** DATASET CONTENT follows **

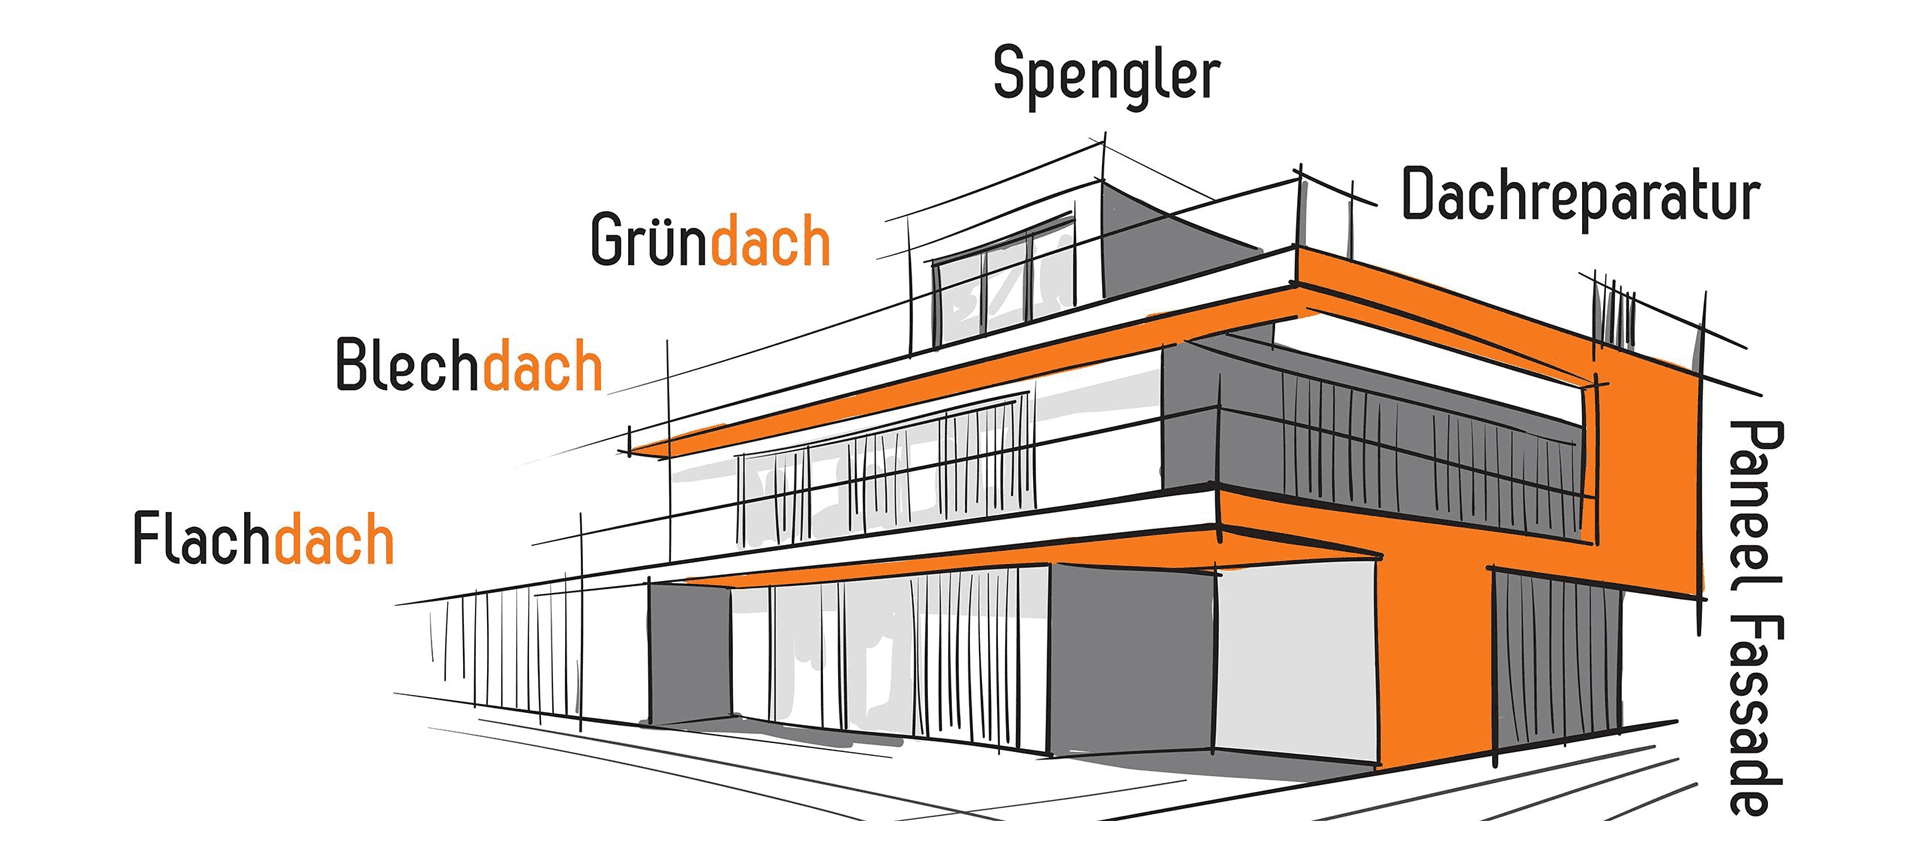 Flachdach, Blechdach, Gründach, Spengler, Dachreparatur, Paneel Fassade
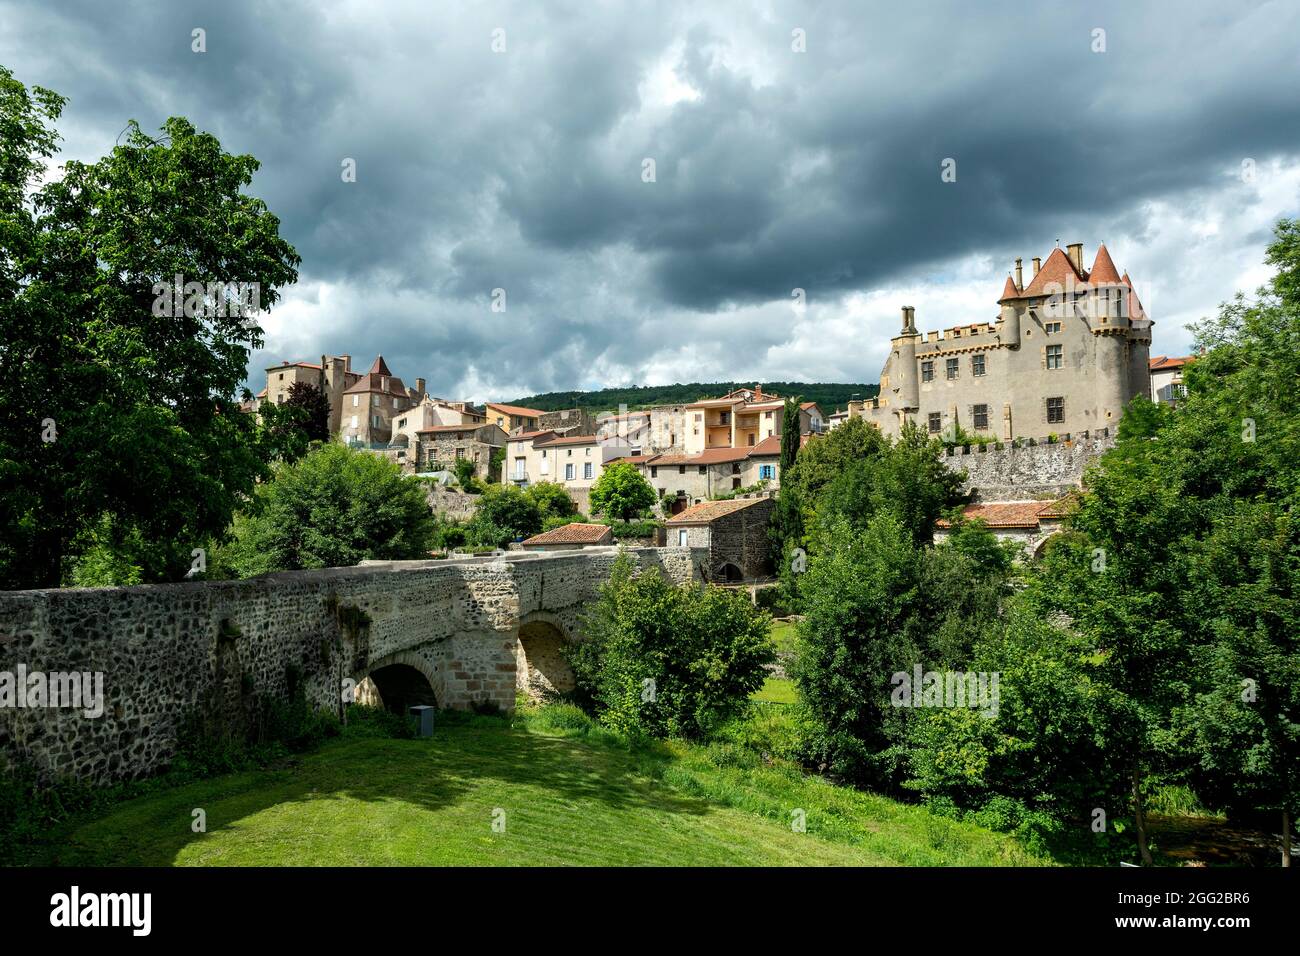 Village de Saint Amant Tallende, pont sur la rivière Monne et château de Murol à Saint Amant, Puy de Dome, Auvergne Rhône Alpes, France Banque D'Images
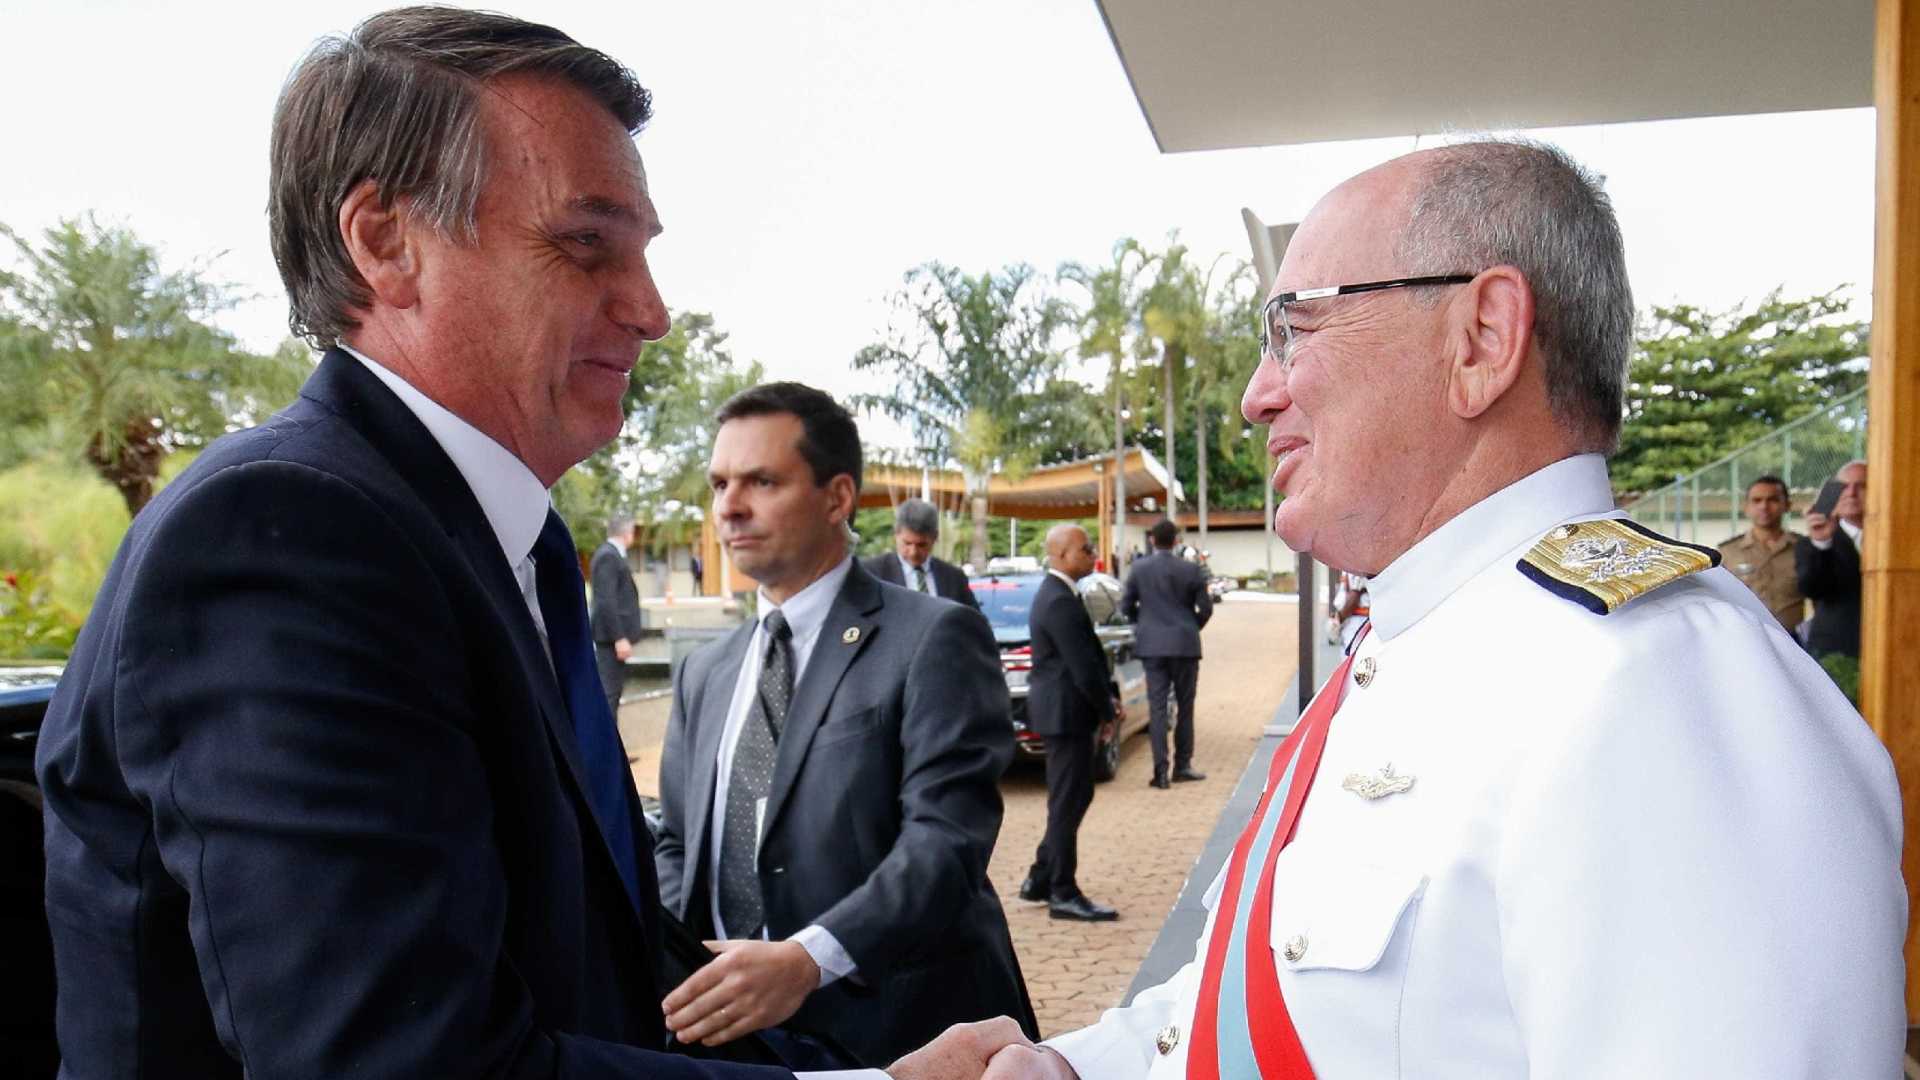 Almirante vai presidir conselho de administração da Petrobras
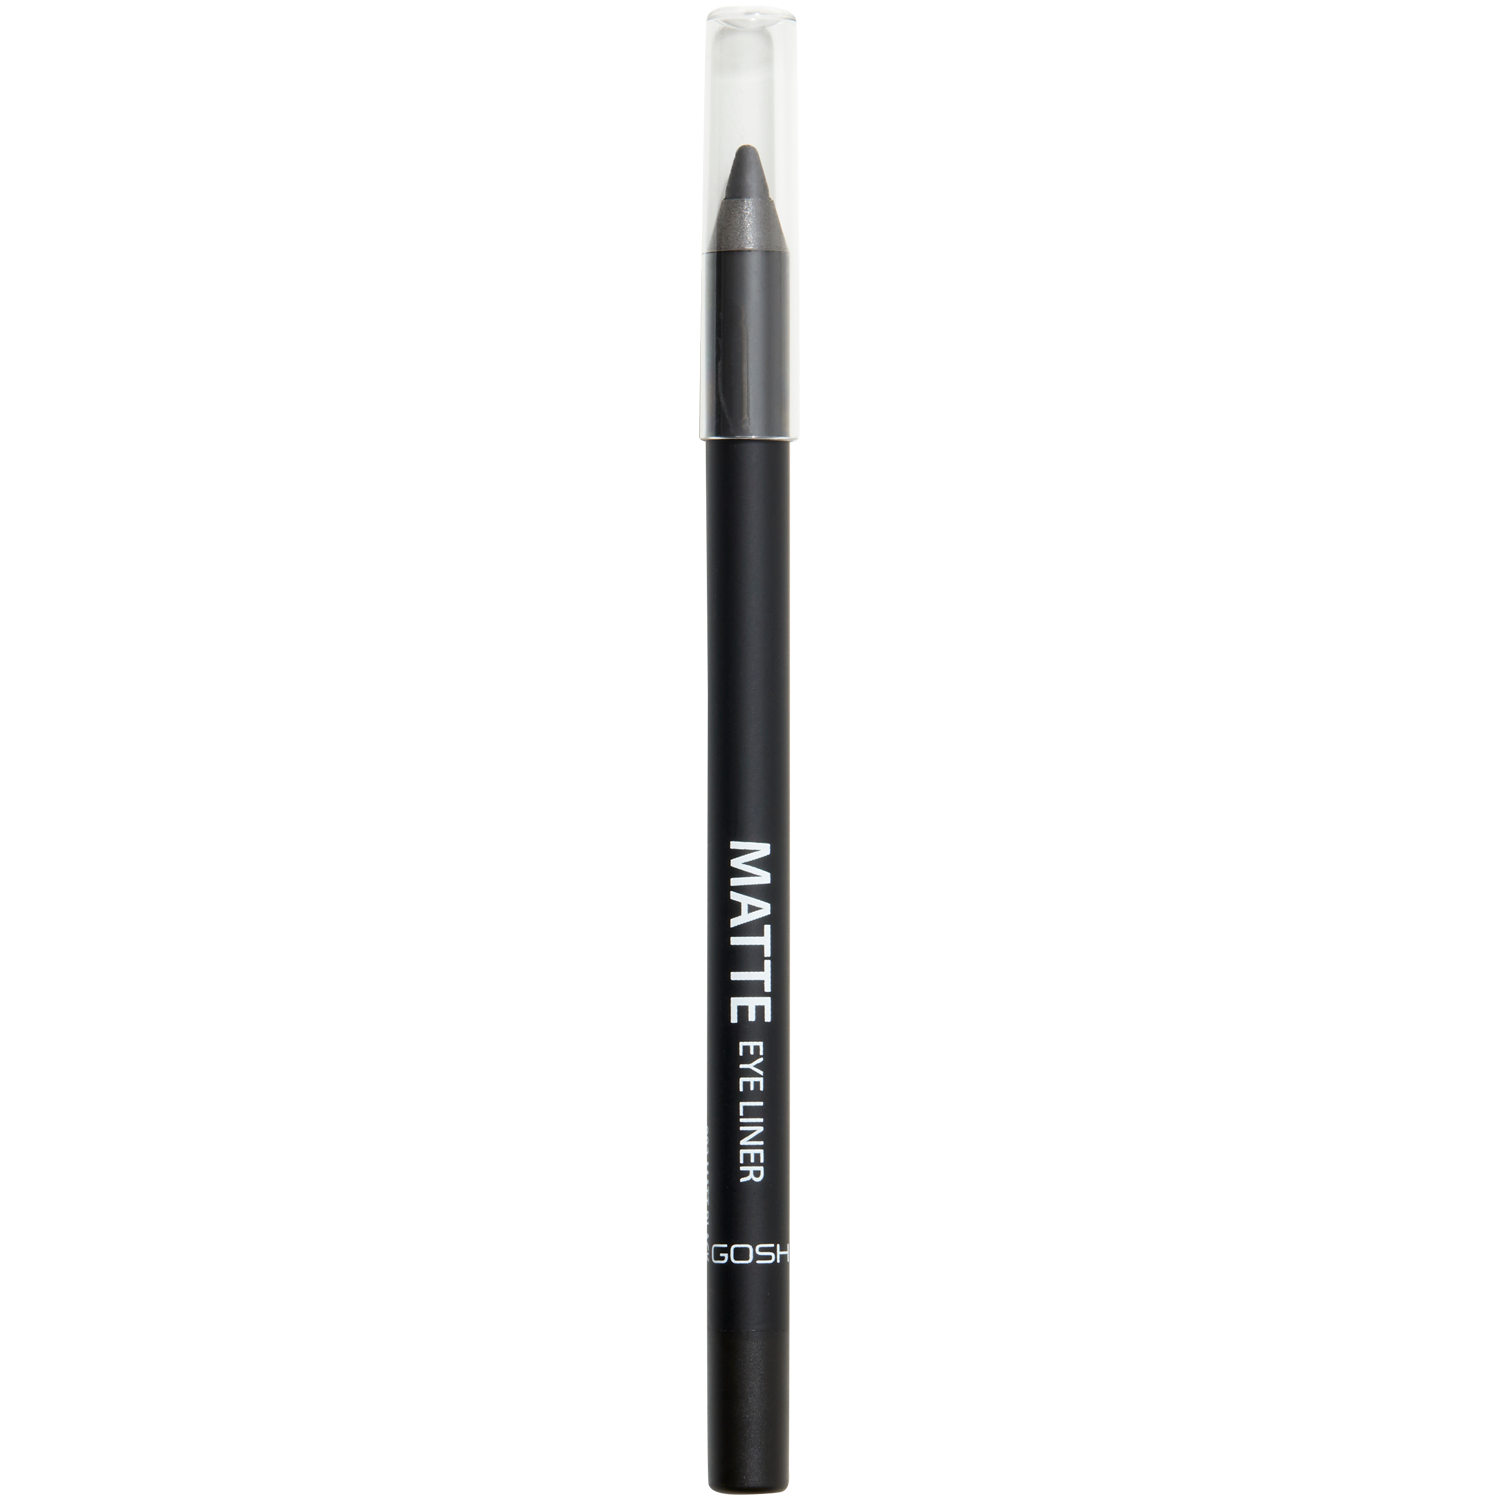 Матовый карандаш для глаз водостойкий 002 матовый черный Gosh Matte, 1,2 гр

** End of DATASET CONTENT **

EXERCISE DIRECTIONS
Only lines belong in the copy: transcribe those from the start of the data through the line that contains "Almirante vai presidir", and skip the pictures.

WRITTEN SOLUTION
 Flachdach, Blechdach, Gründach, Spengler, Dachreparatur, Paneel Fassade
 Village de Saint Amant Tallende, pont sur la rivière Monne et château de Murol à Saint Amant, Puy de Dome, Auvergne Rhône Alpes, France Banque D'Images
 Almirante vai presidir conselho de administração da Petrobras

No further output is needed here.